Jeremy Saulnier’s previous film, the low budget revenge drama Blue Ruin, ticked enough boxes to make him a director to watch. Green Room is a rock-horror vehicle that cranks everything up to eleven, and features the kind of visceral carnage that’s not for the faint-hearted or the weak-stomached.

Third division rock band the This Ain’t Rights are gigging their way around the Pacific North West of America, getting from place to place by siphoning petrol from other vehicles and playing the kind of dives that bring them around six dollars a piece. After a particularly bad night, an embarrassed promoter fixes them up with a gig at his cousin’s place and warns them that the audience will be ‘an unusual crowd’ – by which he means that they are a bunch of shave-headed, Neo Nazi supremacists led by Darcy (Patrick Stewart in an uncharacteristically nasty role, featuring an occasionally wonky American accent).

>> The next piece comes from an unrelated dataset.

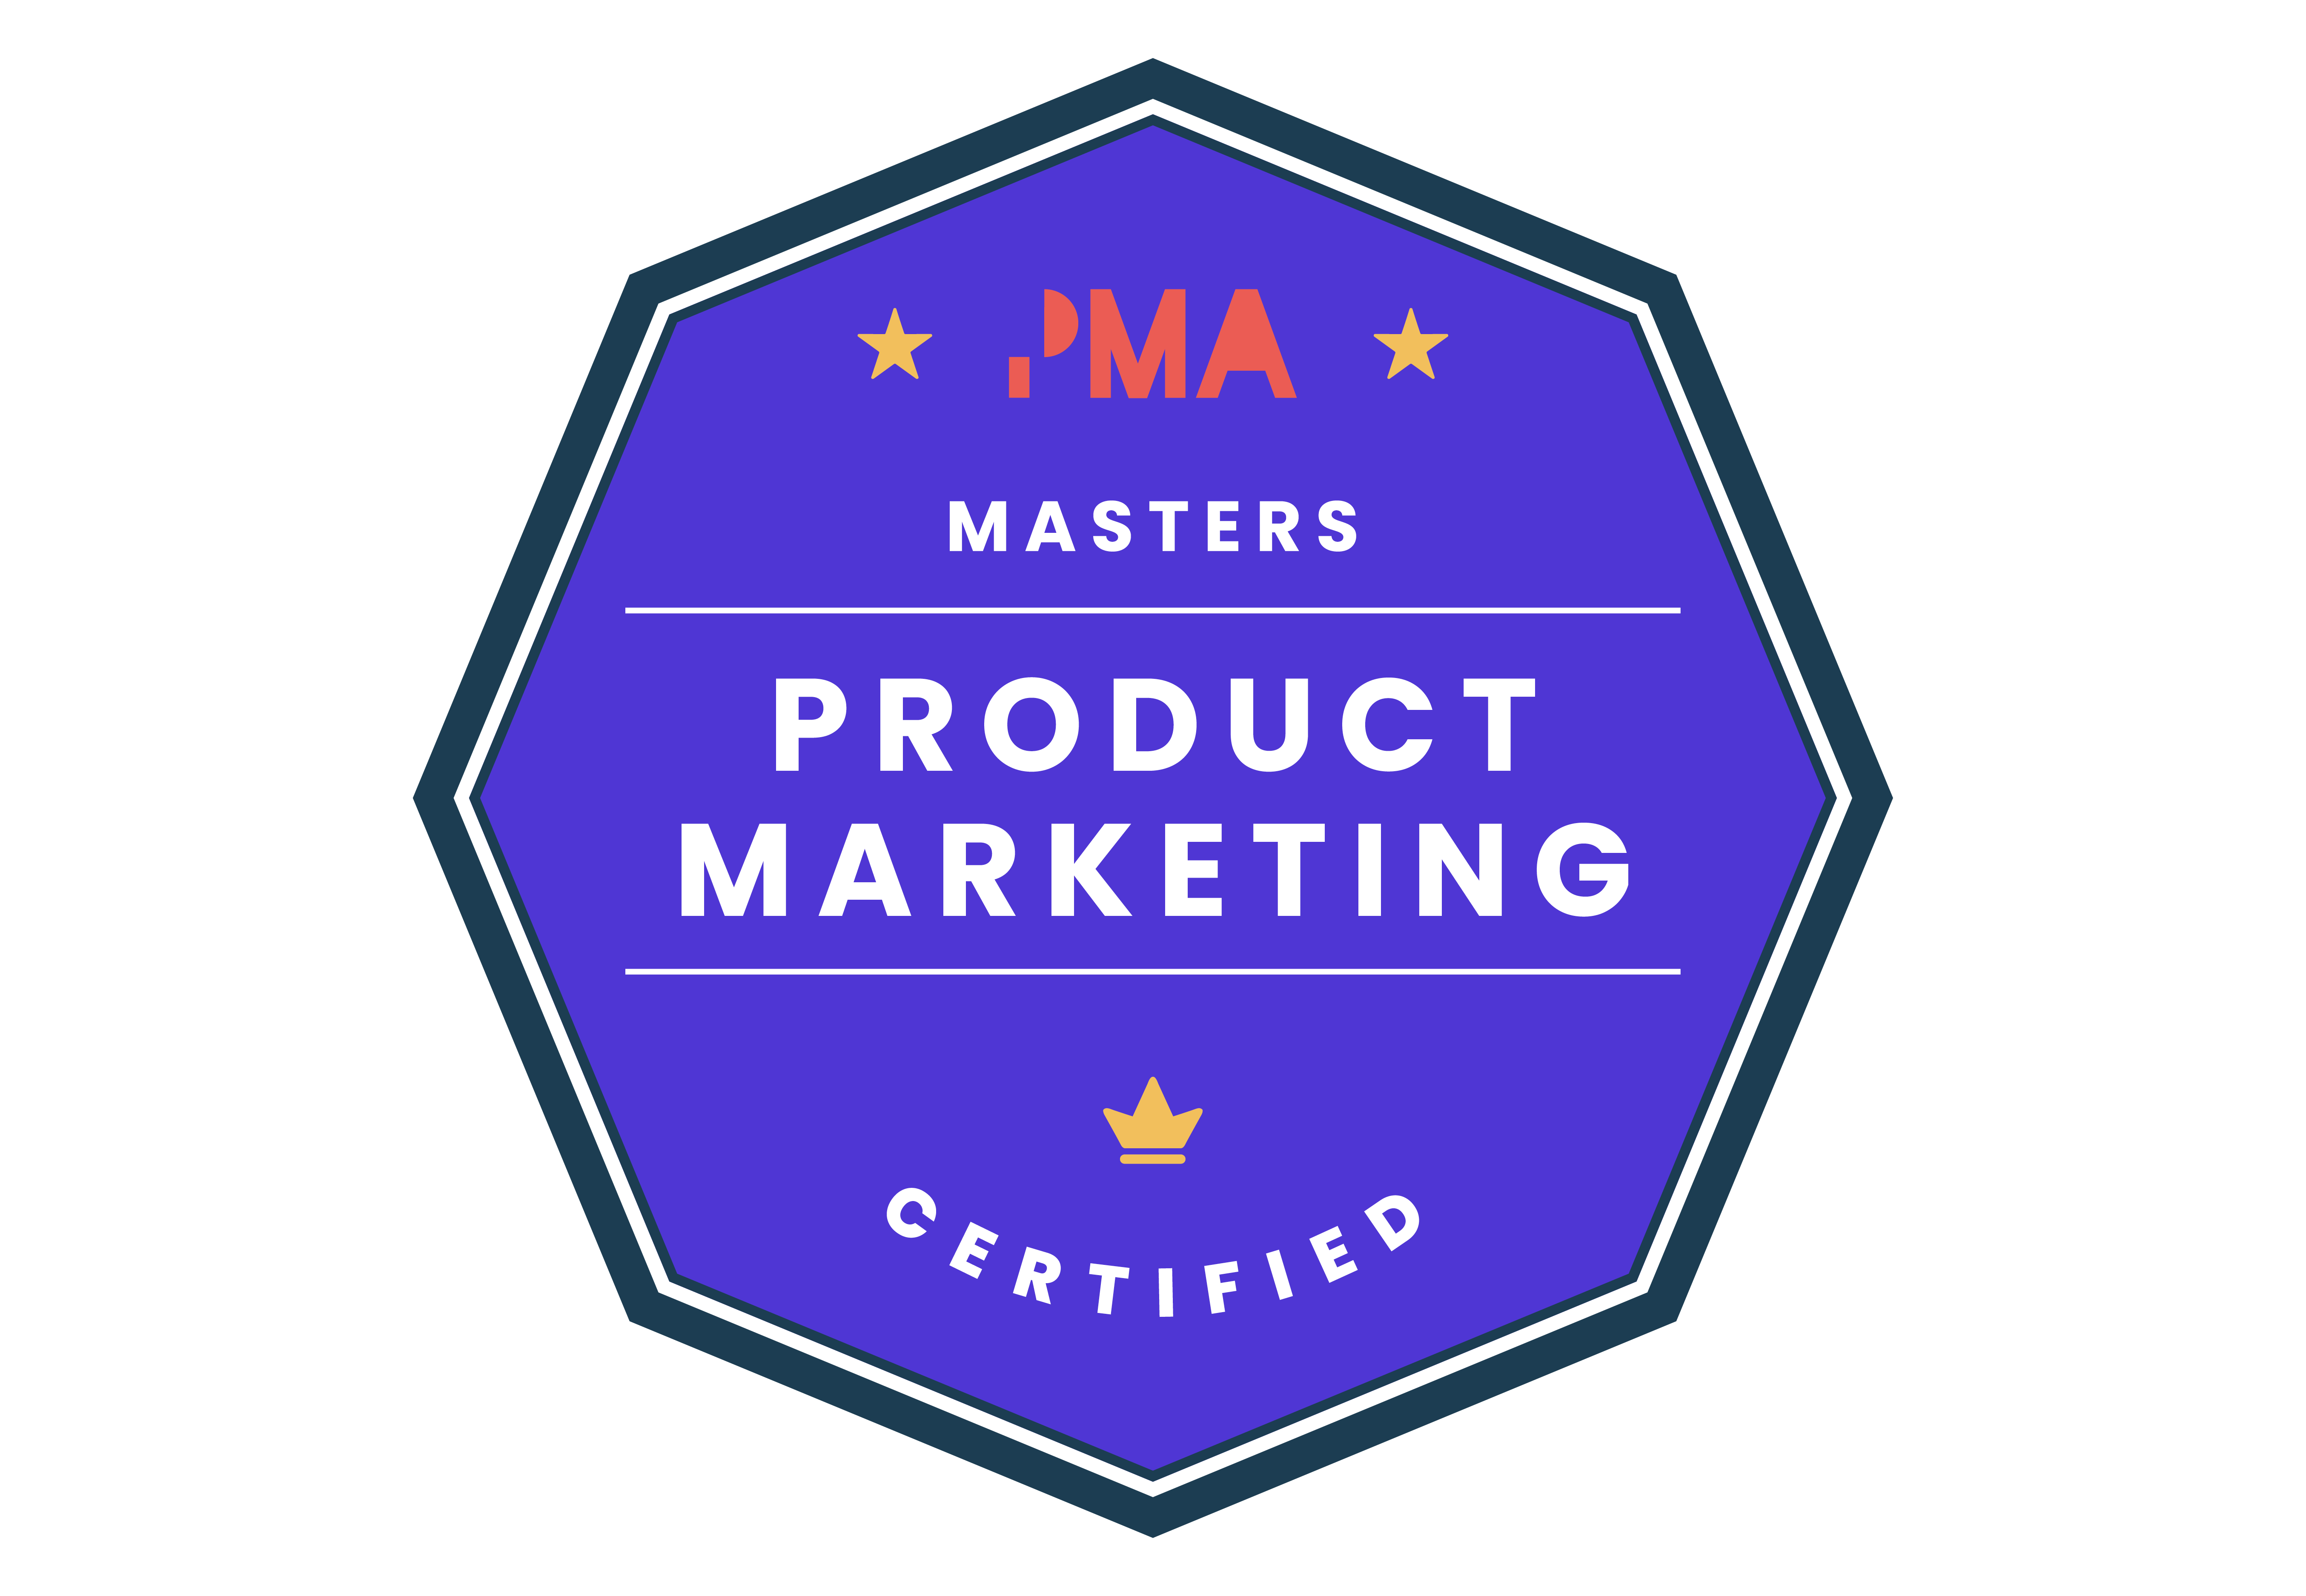 Mastering Product Marketing Certified | Masters badge

After an unpromising start, (the band kick off the gig with the Dead Kennedy’s classic – the one that dismisses Nazis in an fairly uncompromising manner) but after that, the band go down quite well and they are just congratulating themselves on being paid a decent fee for a change when they discover the body of a young woman with a knife. Unfortunately for her, it’s stuck in the side of her head. What’s more, the management seem very reluctant to let the band leave and before they know it, they find themselves holed up in the titular green room, wondering if they are going to escape with their lives.

In tone, the film is closer to some of the body shock films of the 70s – as individuals are hacked, bludgeoned and shotgunned to death, the tension begins to wrack up to almost unbearable levels. Anton Yelchin as bassist Pat is the nearest we get to a lead role here and Imogen Poots puts in a decent turn as Amber, a girl who is unlucky enough to have both the haircut from hell, and the misfortune to be in the wrong place at the wrong time. Saulnier’s muse, Macon Blair, has a small but interesting role as Darcy’s right hand man.

Everything builds to a ferocious crescendo, and it’s clear fairly early into the proceedings that  this isn’t going to be everyone’s cup of haemoglobin. As a former band member myself, it recalled some of the worst gigs I ever played at, but thankfully, things never got quite as bad as they do here.

Watch this only if you can tolerate scenes of excessive violence. Things get very bloody.